Turning to the Guide, to clause 67 itself, this is what the notes indicate to assist users of this particular modern standard form: “The term ‘decision’ in the FIDIC Conditions, has been reserved for use in Clause 67. If there is a difference of opinion between the parties to the Contract that is, between the Employer and the Contractor, it is probable that such difference of opinion will have arisen as a result of an instruction given by the Engineer. If the matter cannot be clarified to the satisfaction of both parties, either may in the first instance refer the dispute to the Engineer for a decision, stating the reference is made under Clause 67.

Any such reference to the Engineer must be copied to the other party.

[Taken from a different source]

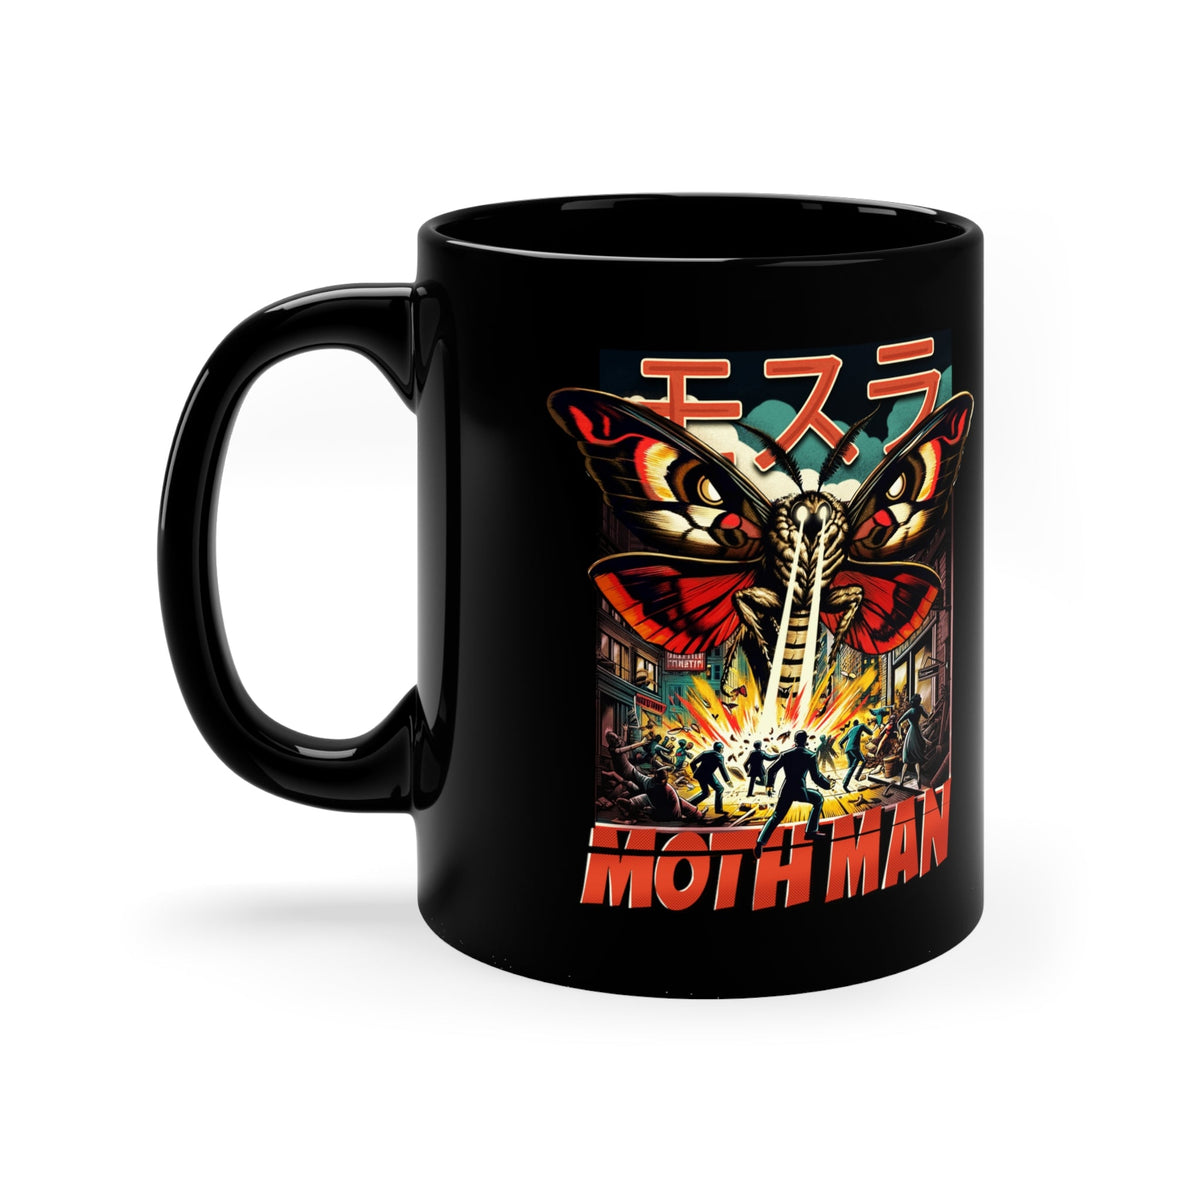 Mothman Attack Comic Book Coffee Mug - 11 oz - Goth Cloth Co.Mug10031784744474127112

In this respect, it should be noted that generally when the reference of a dispute is made to the Engineer, under Clause 67, it is dealt with by a senior person in the Engineer’s firm and preferably one who has not been involved in the day to day administration of the Contract. The Engineer’s decision, which is given under Clause 67 for settlement of the dispute, will not be final and binding upon either of the two parties if one of the parties disagrees with it and gives notice within 70 days of an intention to commence arbitration. This is a shorter period for challenging a decision than in the third Edition where the period was 90 days.

The action necessary to prevent the decision becoming final and binding is a notification by one party (no longer to the Engineer) to the other party of his intention to commence arbitration as to the subject matter of the decision. The notification shall be copied to the Engineer for information but the legal effect lies in the notice to the other party, which establishes the entitlement of the party giving the notification to arbitrate the matter in dispute.

So far as this court is concerned, there is no doubt at all as to the workings of the FIDIC form of contract and that the procedure under clause 67 is a condition precedent to the process of arbitration and therefore jurisdiction of the Arbitrator.”

However, FIDIC 2017 introduced a number of significant changes from FIDIC 1999. A new Sub-Clause 3.7.3 was introduced, under this new sub clause, if the Engineer fails to give a Notice of agreement or determination within the relevant time limit, this will amount to a rejection of the matter or Claim. In other words, Engineer has to make a fair determination under Sub-Clause 3.7.3 [Time limits]. There are now two separate 42-day periods in this clause: (i) 42 days for the Engineer to give Notice of the Parties Agreement if agreement is achieved, and if no agreement is reached (ii) a further 42 days for the Engineer to give Notice of the Engineer’s Determination. Consequently, the time in which the Engineer must make a determination is now 84 days. If the Engineer does not give the Notice either (i) where there is a Claim, that Claim is rejected, i.e. it is resolved against the claiming Party, or (ii) where there is a matter to be agreed or determined, that matter is deemed to be a Dispute which may be referred by either Party to the DAAB for its decision under Sub-Clause 21.4 [Obtaining DAAB’s Decision] without the need for Notice of Dissatisfaction (NOD).